Key Events This Week: November 31st – December 4th
Tuesday: JPY – BOJ Kuroda Speech, AUD – RBA Rate Decision & Statement, EUR – German Unemployment
Wednesday: EUR – EZ CPI, PPI, CAD – BOC Rate Decision & Statement
Thursday: EUR – ECB Rate Decision & Statement, USD – Yellen’s Congress Testimony
Friday: USD – Unemployment, Non Farm Payrolls, CAD – Unemployment Rate
Overview
USD Was fairly mute over a thinned holiday week. Expectations for December lift-off are now fully loaded and USD long positioning saturated presenting the risk of a squeeze. Data flow was mixed though December lift-off view intact with USD grinding higher over last week. Markets now look ahead to the upcoming NFP print on Friday, the last employment data before the Fed’s December monetary policy meeting.
EUR The single currency was sent sharply lower last week on news that the ECB are considering further easing with either staggered charges placed on Banks holding on to cash or increased debt purchasing. The policy divergence which drove EUR lower at the beginning of the year is now firmly back in place heading into both the ECB and Fed December monetary policy meetings. With EURUSD down significantly heading into this week’s meeting and the heavy Dovish rhetoric abounding on news wires markets will be looking for a significant move from Draghi to to extend price lower. Traders will also be watching EZ CPI data on Wednesday.
GBP Sterling was another victim of “verbal intervention” last week as comments by BOE members sent the Pound lower. BOE Governor Carney, in testimony to the treasury committee, said that he foresees low rates in the UK for a long time to come with BOE’s Haldane opining that the risks to UK inflation and growth are skewed to the downside. UK 3Q GDP came in as expected at 0.5% confirming the slowdown from the previous 0.7% print in April-June with net trade hitting an 18 year low. An absence of key domestic data will leave GBP trading off EUR & USD flows.
JPY The Japanese Yen was firmer last week benefiting still from positive investor sentiment following recent Hawkishness from the BOJ, who despite still struggling with downward inflationary pressure, are sounding optimistic over the economic outlook and as such have clearly ruled out further easing this year. Japanese inflation data showed headline CPI came in as expected at 0.3% though core slightly undershot expectations missing by 0.1%. Attention this week will be on BOJ’s Kuroda who speaks on Tuesday.
AUD The Aussie tumbled from weekly highs of .7280 as iron ore prices dropped to their lowest levels in 6 years. Recent improvements in Australian labour market conditions, accompanied by an optimistic RBA have seen the Australian Dollar rebounding over recent weeks but concerns around China still weigh on the Aussie’s trading outlook. Further concerns arise from the latest domestic capital expenditure data which showed business investment down more than 9% in 3Q suggesting a weaker 3Q GDP print next week. However, the Aussie’s inability to break significantly lower on this data weakness suggests that bearish positioning in the currency is over-crowded leaving risk of an upside squeeze a possibility. Traders look ahead to the RBA rate decision on Tuesday where any further optimism in the accompanying statement could fuel another move higher in the Aussie.
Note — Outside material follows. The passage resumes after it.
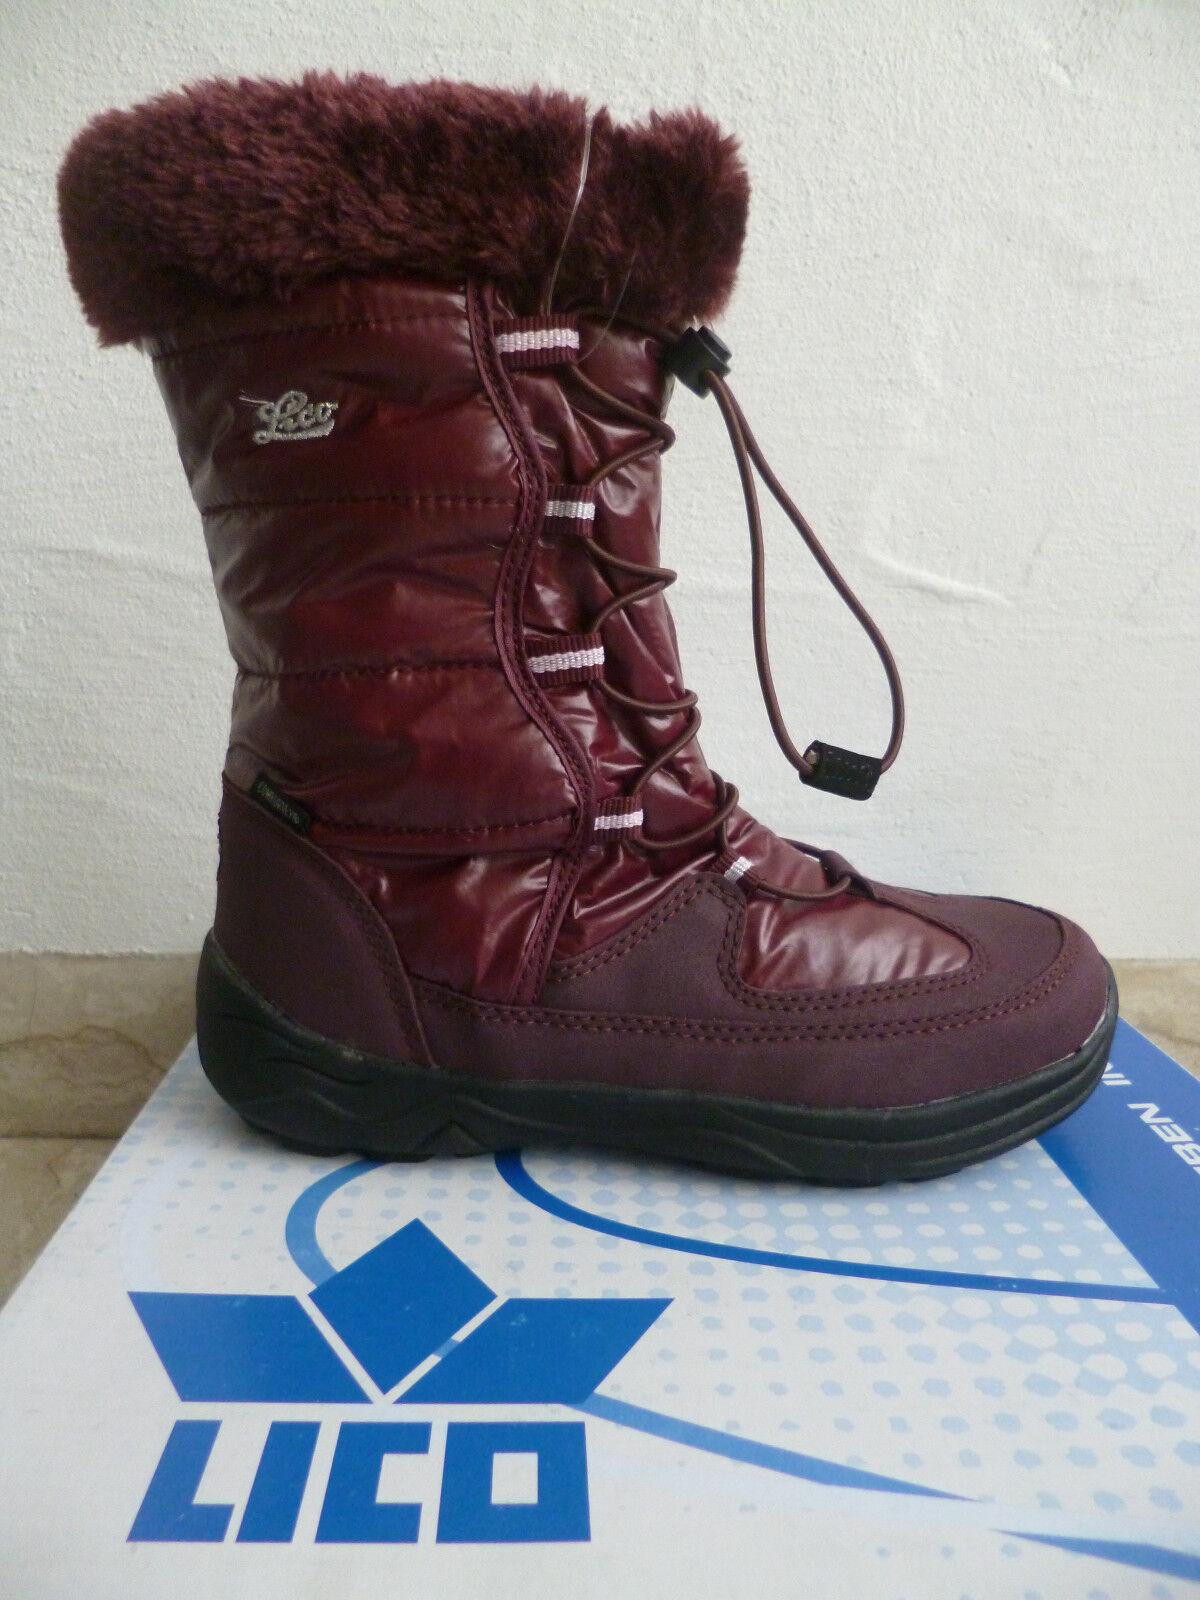 buy popular 87b20 8b0ab Lico Mädchen Stiefel Winterstiefel Boots bordo wasserdicht NEU!!

CAD The Canadian Dollar enjoyed a much needed rebound last week spurred on by a similar bullish correction in Oil prices. The move in Oil was partly driven by escalating tension in the Middle East but also upon reports that Saudi Arabia, the world’s largest Oil producer, have pledged to do whatever necessary to stabilise Oil prices. The upcoming BOC rate decision is the main focus, especially given the continued slide in Oil prices, though with the Fed seemingly on course to raise rates in December it is not expected that the BOC will further reduce rates this year.